> [Task to carry out]: Please retype all of the data below, word for word.

[Stored data entries]
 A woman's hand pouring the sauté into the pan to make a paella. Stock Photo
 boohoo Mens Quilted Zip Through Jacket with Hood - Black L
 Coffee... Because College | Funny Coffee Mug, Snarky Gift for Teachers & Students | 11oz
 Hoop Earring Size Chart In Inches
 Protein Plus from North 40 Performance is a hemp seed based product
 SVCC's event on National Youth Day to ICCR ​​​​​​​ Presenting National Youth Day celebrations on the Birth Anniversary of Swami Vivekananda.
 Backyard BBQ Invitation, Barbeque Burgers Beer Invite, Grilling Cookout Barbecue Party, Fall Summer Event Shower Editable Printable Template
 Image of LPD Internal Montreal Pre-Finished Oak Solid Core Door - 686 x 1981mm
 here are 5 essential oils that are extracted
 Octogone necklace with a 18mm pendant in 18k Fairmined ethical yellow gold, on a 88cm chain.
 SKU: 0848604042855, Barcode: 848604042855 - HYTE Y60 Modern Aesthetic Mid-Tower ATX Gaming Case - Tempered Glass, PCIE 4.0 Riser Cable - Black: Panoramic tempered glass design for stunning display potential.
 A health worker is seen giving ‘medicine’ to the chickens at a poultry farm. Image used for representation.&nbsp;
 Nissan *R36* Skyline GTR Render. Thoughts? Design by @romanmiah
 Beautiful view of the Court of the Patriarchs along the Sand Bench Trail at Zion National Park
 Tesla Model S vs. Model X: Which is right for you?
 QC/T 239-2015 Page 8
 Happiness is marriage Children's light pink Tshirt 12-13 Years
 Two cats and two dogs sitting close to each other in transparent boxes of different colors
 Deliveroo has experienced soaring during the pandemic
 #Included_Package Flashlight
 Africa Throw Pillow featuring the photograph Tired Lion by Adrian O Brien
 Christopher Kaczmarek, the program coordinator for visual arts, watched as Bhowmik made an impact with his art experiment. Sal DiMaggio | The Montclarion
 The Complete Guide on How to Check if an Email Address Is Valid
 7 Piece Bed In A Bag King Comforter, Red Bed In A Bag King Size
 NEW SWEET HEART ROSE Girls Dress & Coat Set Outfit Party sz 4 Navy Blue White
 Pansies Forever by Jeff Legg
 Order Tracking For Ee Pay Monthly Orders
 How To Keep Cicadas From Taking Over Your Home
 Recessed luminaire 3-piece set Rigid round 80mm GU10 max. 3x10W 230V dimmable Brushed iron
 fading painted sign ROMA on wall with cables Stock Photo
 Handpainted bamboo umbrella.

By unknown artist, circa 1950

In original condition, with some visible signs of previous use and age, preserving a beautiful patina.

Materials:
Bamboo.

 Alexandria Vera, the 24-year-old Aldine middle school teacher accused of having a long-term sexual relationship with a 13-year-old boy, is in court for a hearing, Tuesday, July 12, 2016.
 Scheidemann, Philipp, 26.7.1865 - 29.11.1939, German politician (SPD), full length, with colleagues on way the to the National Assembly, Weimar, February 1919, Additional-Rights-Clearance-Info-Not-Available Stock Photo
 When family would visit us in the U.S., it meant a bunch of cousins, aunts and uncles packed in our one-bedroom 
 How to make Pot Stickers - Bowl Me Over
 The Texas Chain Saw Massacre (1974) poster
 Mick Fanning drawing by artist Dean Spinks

> [Answer space]:
 A woman's hand pouring the sauté into the pan to make a paella. Stock Photo
 boohoo Mens Quilted Zip Through Jacket with Hood - Black L
 Coffee... Because College | Funny Coffee Mug, Snarky Gift for Teachers & Students | 11oz
 Hoop Earring Size Chart In Inches
 Protein Plus from North 40 Performance is a hemp seed based product
 SVCC's event on National Youth Day to ICCR ​​​​​​​ Presenting National Youth Day celebrations on the Birth Anniversary of Swami Vivekananda.
 Backyard BBQ Invitation, Barbeque Burgers Beer Invite, Grilling Cookout Barbecue Party, Fall Summer Event Shower Editable Printable Template
 Image of LPD Internal Montreal Pre-Finished Oak Solid Core Door - 686 x 1981mm
 here are 5 essential oils that are extracted
 Octogone necklace with a 18mm pendant in 18k Fairmined ethical yellow gold, on a 88cm chain.
 SKU: 0848604042855, Barcode: 848604042855 - HYTE Y60 Modern Aesthetic Mid-Tower ATX Gaming Case - Tempered Glass, PCIE 4.0 Riser Cable - Black: Panoramic tempered glass design for stunning display potential.
 A health worker is seen giving ‘medicine’ to the chickens at a poultry farm. Image used for representation.&nbsp;
 Nissan *R36* Skyline GTR Render. Thoughts? Design by @romanmiah
 Beautiful view of the Court of the Patriarchs along the Sand Bench Trail at Zion National Park
 Tesla Model S vs. Model X: Which is right for you?
 QC/T 239-2015 Page 8
 Happiness is marriage Children's light pink Tshirt 12-13 Years
 Two cats and two dogs sitting close to each other in transparent boxes of different colors
 Deliveroo has experienced soaring during the pandemic
 #Included_Package Flashlight
 Africa Throw Pillow featuring the photograph Tired Lion by Adrian O Brien
 Christopher Kaczmarek, the program coordinator for visual arts, watched as Bhowmik made an impact with his art experiment. Sal DiMaggio | The Montclarion
 The Complete Guide on How to Check if an Email Address Is Valid
 7 Piece Bed In A Bag King Comforter, Red Bed In A Bag King Size
 NEW SWEET HEART ROSE Girls Dress & Coat Set Outfit Party sz 4 Navy Blue White
 Pansies Forever by Jeff Legg
 Order Tracking For Ee Pay Monthly Orders
 How To Keep Cicadas From Taking Over Your Home
 Recessed luminaire 3-piece set Rigid round 80mm GU10 max. 3x10W 230V dimmable Brushed iron
 fading painted sign ROMA on wall with cables Stock Photo
 Handpainted bamboo umbrella.

By unknown artist, circa 1950

In original condition, with some visible signs of previous use and age, preserving a beautiful patina.

Materials:
Bamboo.

 Alexandria Vera, the 24-year-old Aldine middle school teacher accused of having a long-term sexual relationship with a 13-year-old boy, is in court for a hearing, Tuesday, July 12, 2016.
 Scheidemann, Philipp, 26.7.1865 - 29.11.1939, German politician (SPD), full length, with colleagues on way the to the National Assembly, Weimar, February 1919, Additional-Rights-Clearance-Info-Not-Available Stock Photo
 When family would visit us in the U.S., it meant a bunch of cousins, aunts and uncles packed in our one-bedroom 
 How to make Pot Stickers - Bowl Me Over
 The Texas Chain Saw Massacre (1974) poster
 Mick Fanning drawing by artist Dean Spinks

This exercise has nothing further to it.